Re: manual page migration -- issue list

linux-mm.kvack.org archive mirror
 help / color / mirror / Atom feed

From: Paul Jackson <pj@sgi.com>
To: Robin Holt <holt@sgi.com>
Cc: raybry@sgi.com, linux-mm@kvack.org, ak@muc.de,
	haveblue@us.ibm.com, marcello@cyclades.com,
	stevel@mwwireless.net, peterc@gelato.unsw.edu.au
Subject: Re: manual page migration -- issue list
Date: Wed, 16 Feb 2005 07:45:50 -0800	[thread overview]
Message-ID: <20050216074550.313b1300.pj@sgi.com> (raw)
In-Reply-To: <20050216113047.GA8388@lnx-holt.americas.sgi.com>

Robin wrote:
> Until then, there is no clear win over first
> touch for their type of application.

Huh?  So what was the point of this rant? <grin>

You seem to explain why first touch is used instead of the Linux 2.6
numa placement calls mbind/mempolicy, in some third party code that
runs on multiple operating systems.

But I thought this was the page migration thread, not the placement
policy thread.

Now I am as mystified with your latest comments as I was with Andi's
discussion of using these memory policy calls.

Regardless of what mechanisms we use to guide future allocations to
their proper nodes, how best can we provide a facility to migrate
already allocated physical memory pages to other nodes?  That's the
question, or so I thought, on this thread.

To repeat myself ...

> The next concern that rises to the top for me was best expressed by Andi:
> >
> > The main reasons for that is that I don't think external
> > processes should mess with virtual addresses of another process.
> > It just feels unclean and has many drawbacks (parsing /proc/*/maps
> > needs complicated user code, racy, locking difficult).  
> > 
> > In kernel space handling full VMs is much easier and safer due to better 
> > locking facilities.
> 
> I share Andi's concerns, but I don't see what to do about this. 

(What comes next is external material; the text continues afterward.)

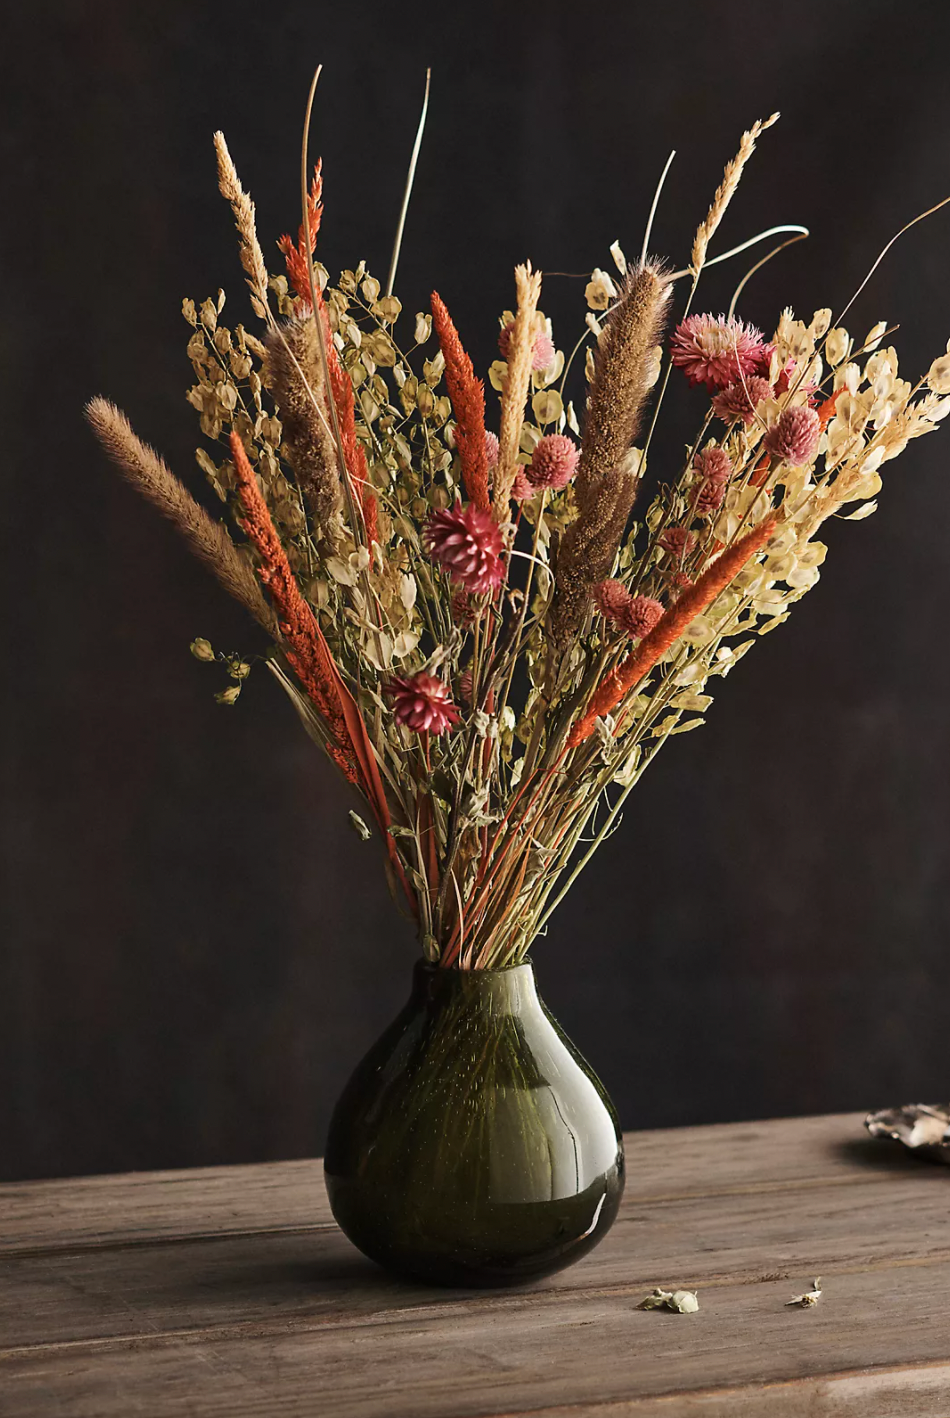 LIST: Where To Buy Pretty Dried Flowers Online

Perhaps a part of the answer is that we aren't messing with (as in
"changing") the virtual addresses of other processes.  The migration
call is only reading these addresses.  What it messes with is the
_physical_ addresses ;).

Though this proposed call still seems to have some of the same drawbacks.

One of my motivations for persuing the no-array version of this call
that you loved so much was that it (my latest variant, anyway) didn't
pass any virtual address ranges in, further simplifying what crossed the
user-kernel boundary and leaving details of parsing the virtual address
layout of tasks strictly to the kernel (no need to read /proc/*/maps).

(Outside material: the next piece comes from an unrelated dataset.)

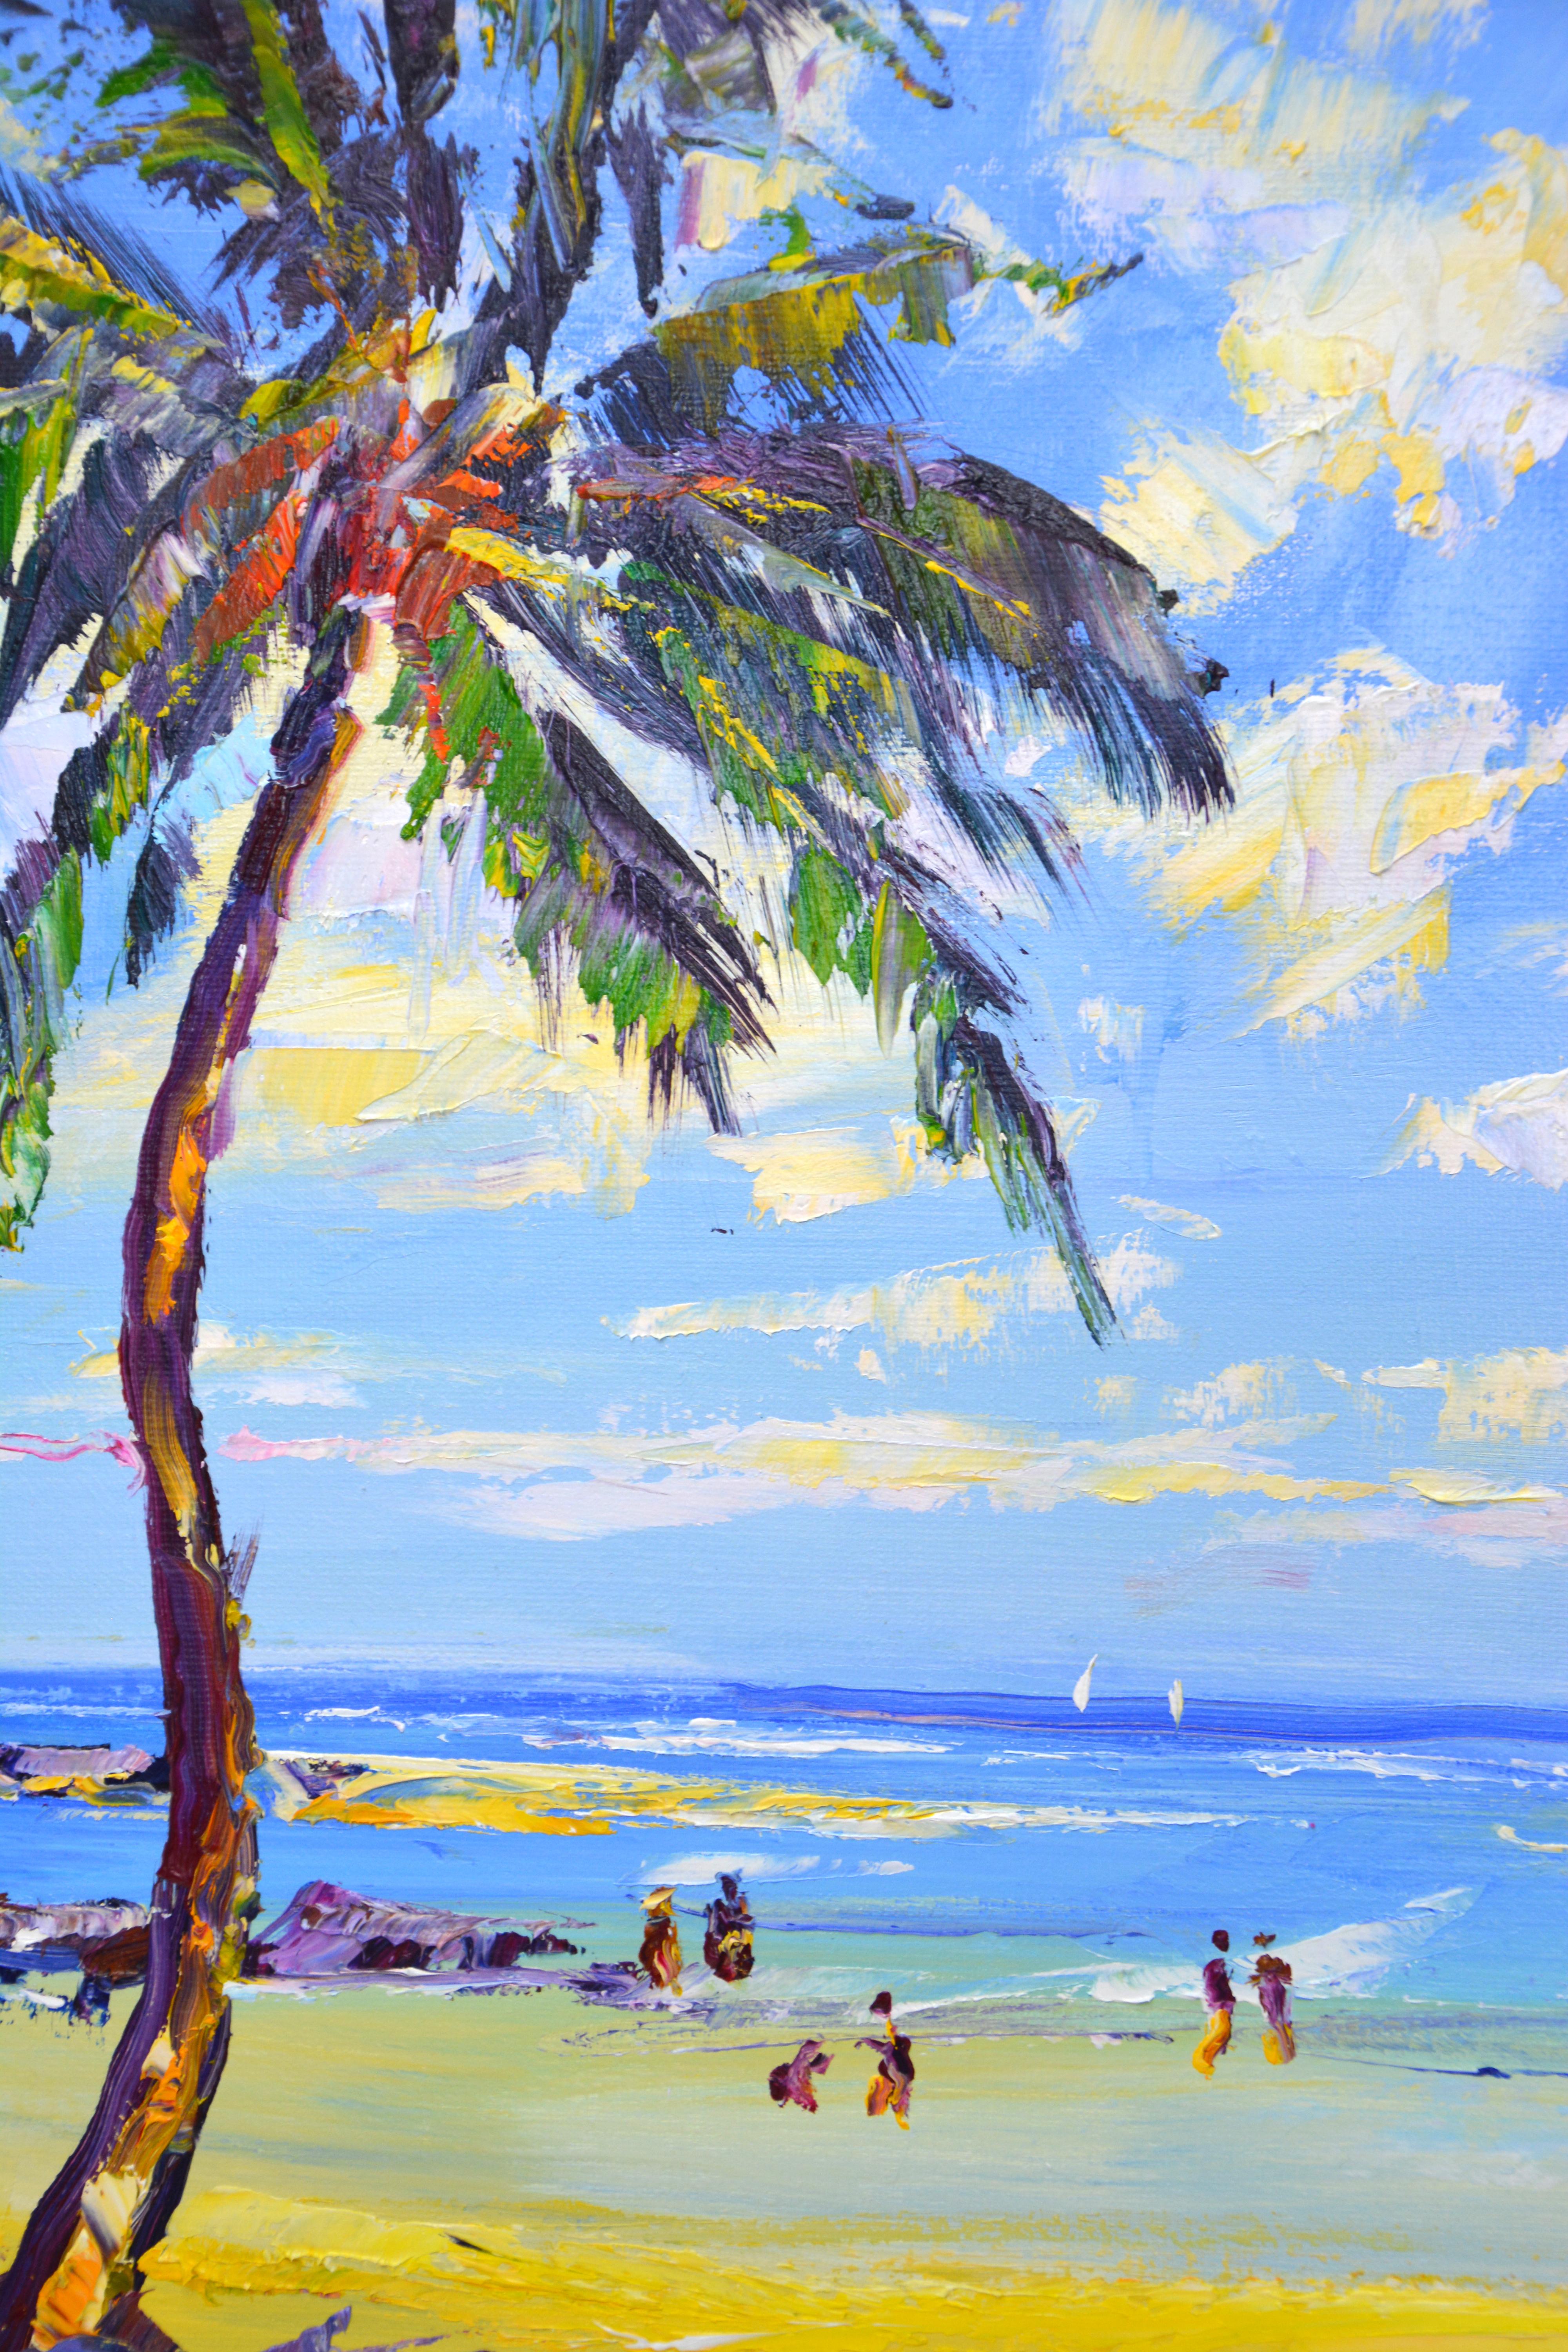 Sunny beach, ocean, beach, sailboats, palm trees, sky, sand, relaxation atmosphere. Saturated. the palette of blue, green, yellow, white emphasizes the energy of the sea. Impressionism. The luminous qualities of the ocean and the amazing sky above

But it seems that if we are going to achieve the fairly significant
optimizations you enumerated in your example a few hours ago, we at
least have to parse the /proc/*/maps files.

Hmmm ... wait just a minute ... isn't parsing the maps files in /proc
really scanning the virtual addresses of tasks.  In your example of a
few hours ago, which seemed to only require 3 system calls and one full
scan of any task address space, did you read all the /proc/*/maps files,
for all 256 of the tasks involved?  I would think you would have to have
done so, or else one of these tasks could be holding onto some private
memory of its own that we would need to migrate.  Are the stack pages
and any per-thread private data on pages visible to all the threads, or
are some of these pages private to each thread?  Does anything prevent a
thread from having additional private pages invisible to the other
threads?

Could you redo your example, including scans implied by reading maps
files, and including system calls needed to do those reads, and needed
to migrate any private pages they might have?  Perhaps your preferred
API doesn't have such an insane advantage after all.

I'm fixing soon to consider another variant of this call, that takes an
_array_ of pids, along with the old and new arrays of nodes, but takes
no virtual address range.  The kernel would scan each pid in the array,
migrating anything found on any old node to the corresponding new node,
all in one system call.  If my speculations above are right, this does
the minimum of scans, one per pid, and the minimum number of system
calls - one.  And does so without involving the user space code in racy
maps file reading to determine what to call (though the kernel code
would probably still have more than its share of races to fuss over).

-- 
                  I won't rest till it's the best ...
                  Programmer, Linux Scalability
                  Paul Jackson <pj@sgi.com> 1.650.933.1373, 1.925.600.0401
--
To unsubscribe, send a message with 'unsubscribe linux-mm' in
the body to majordomo@kvack.org.  For more info on Linux MM,
see: http://www.linux-mm.org/ .
Don't email: <a href=mailto:"aart@kvack.org"> aart@kvack.org </a>

next prev parent reply	other threads:[~2005-02-16 15:45 UTC|newest]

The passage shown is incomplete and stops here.